WORK ORDER: Leave the pictures out, and transcribe the material below exactly from the line with "Joe Danger 2: The Movie player count stats" to the line with "Halloween pencils for trick-or-treating", both lines included.
TASK MATERIAL Block Start
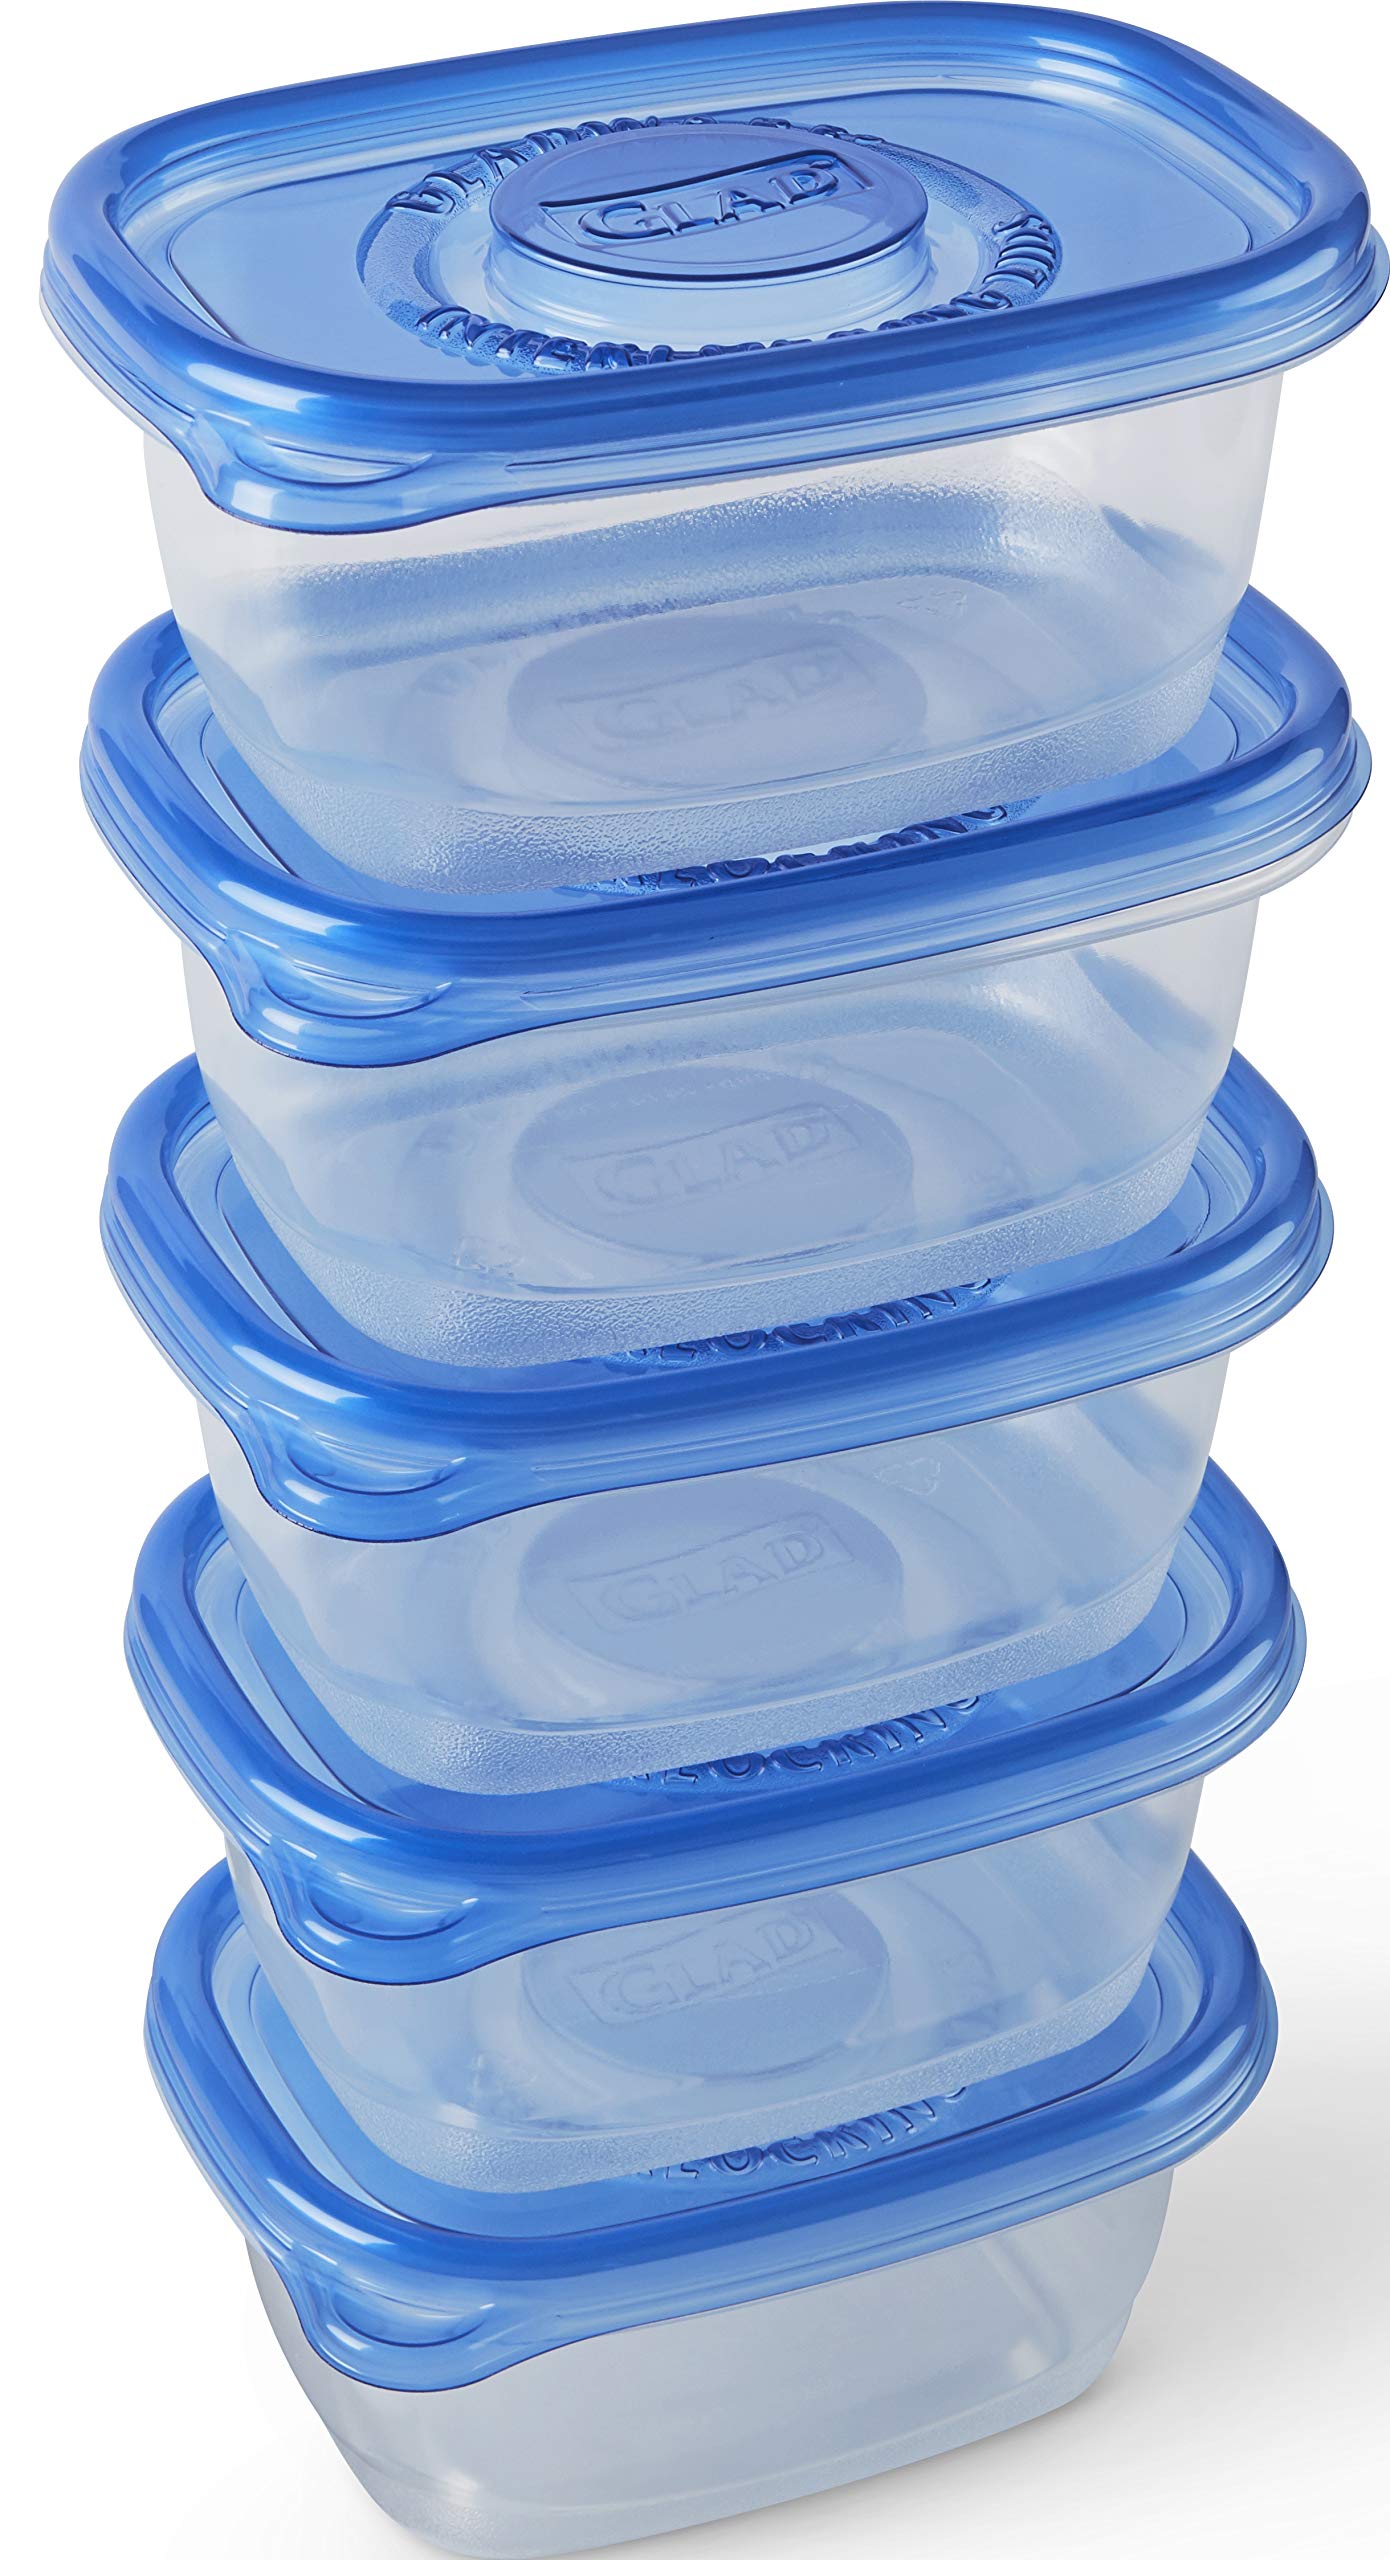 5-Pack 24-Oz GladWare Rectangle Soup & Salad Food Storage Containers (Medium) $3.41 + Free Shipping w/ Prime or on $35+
TASK MATERIAL Block End
TASK MATERIAL Block Start
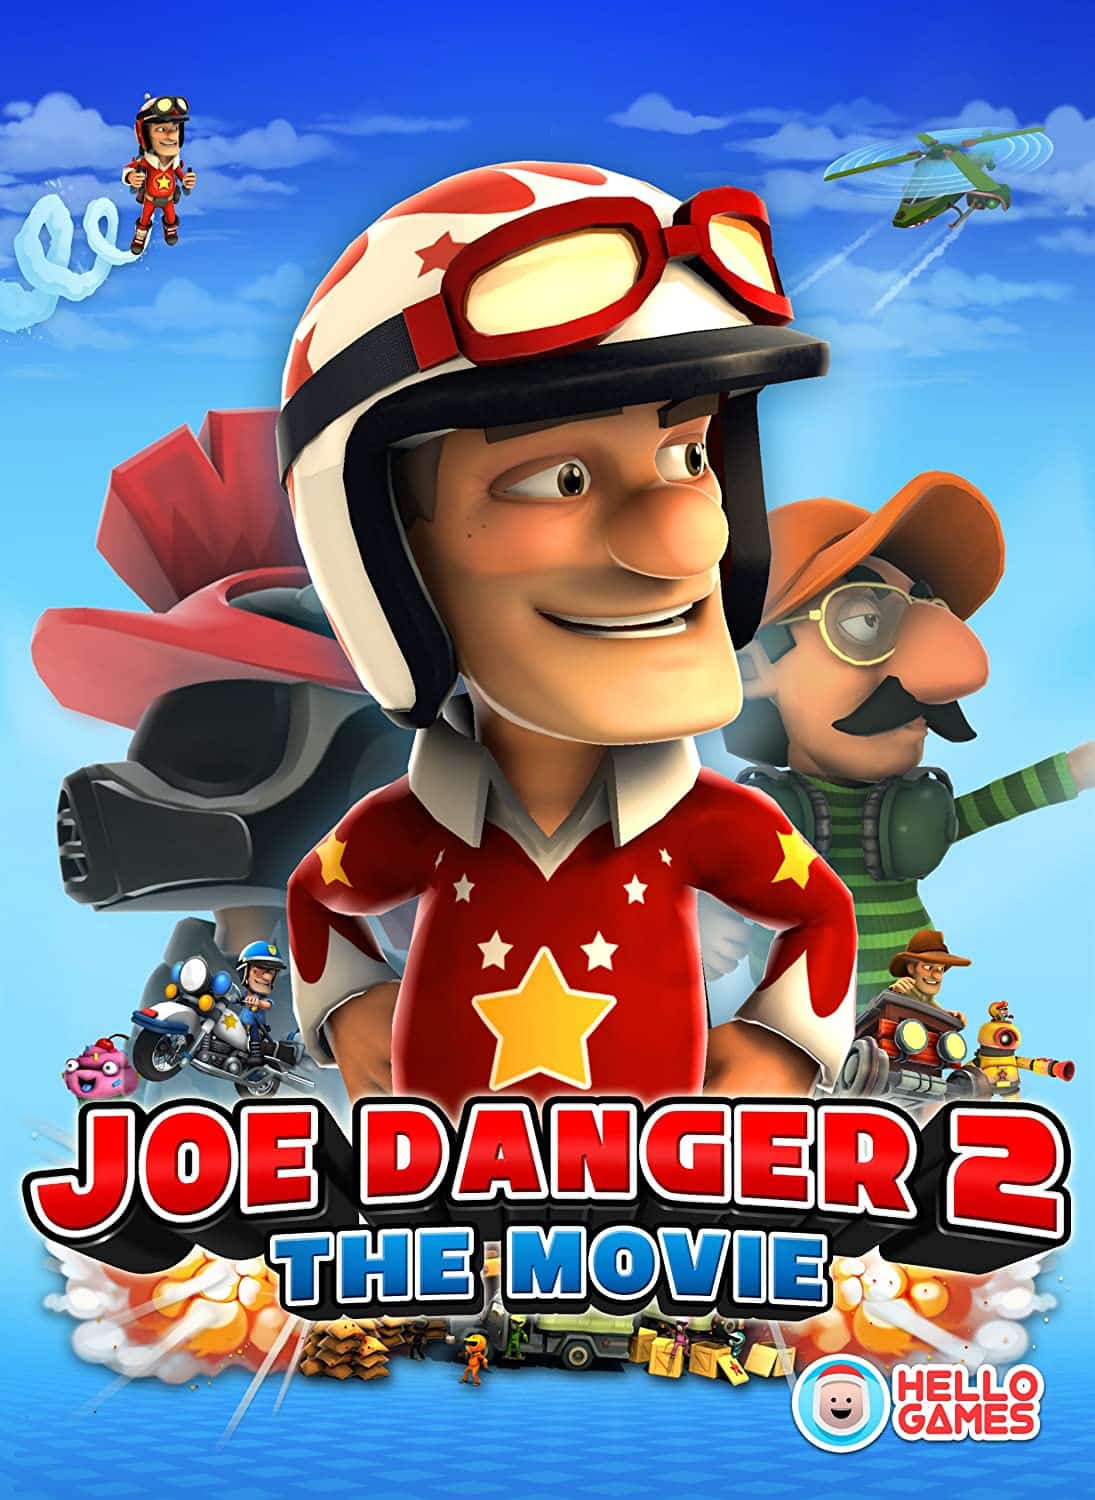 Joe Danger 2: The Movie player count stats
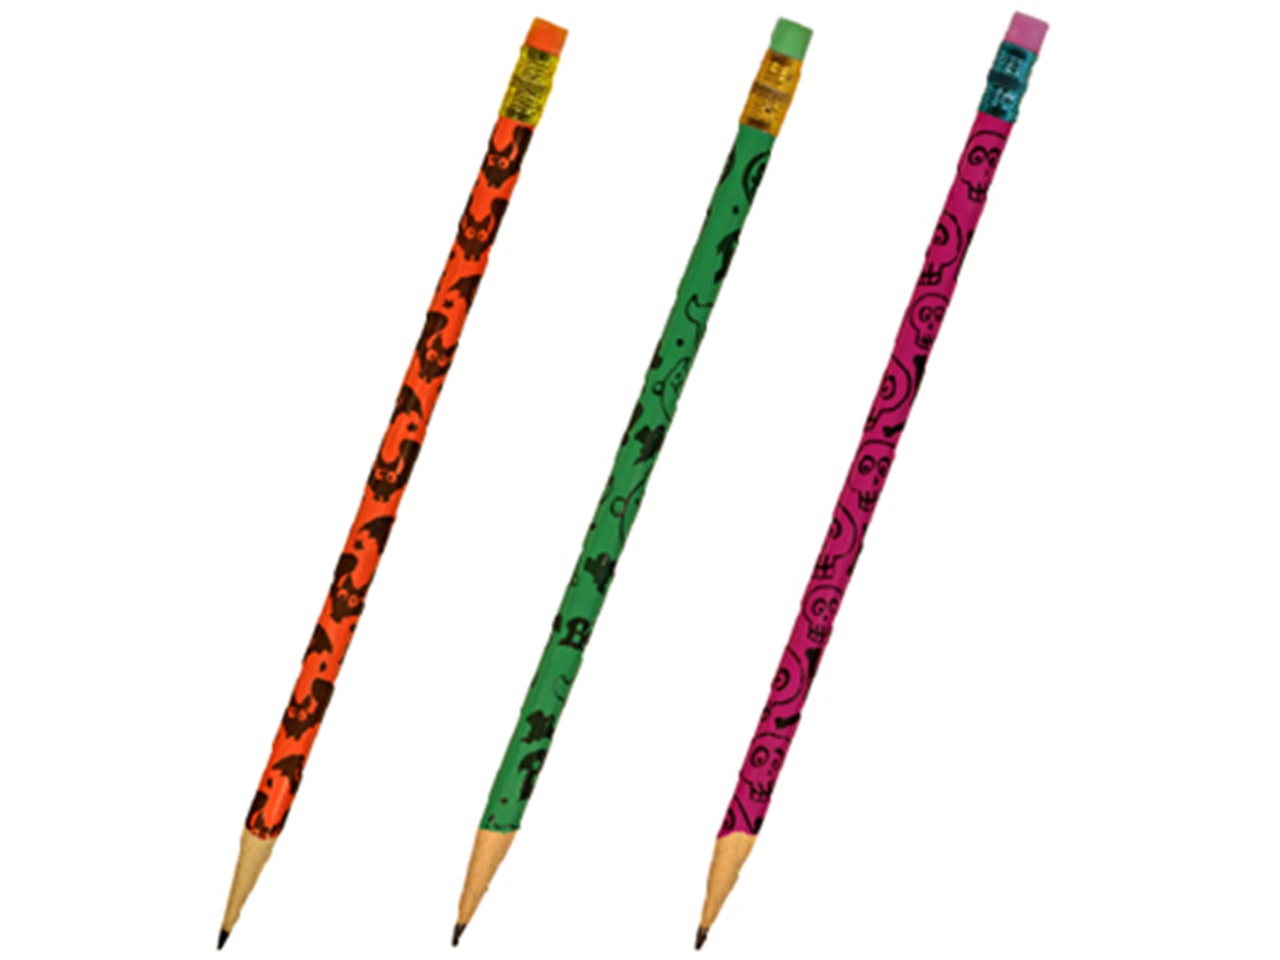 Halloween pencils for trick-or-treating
TASK MATERIAL Block End
SOLUTION TO THIS TASK:
 Joe Danger 2: The Movie player count stats
 Halloween pencils for trick-or-treating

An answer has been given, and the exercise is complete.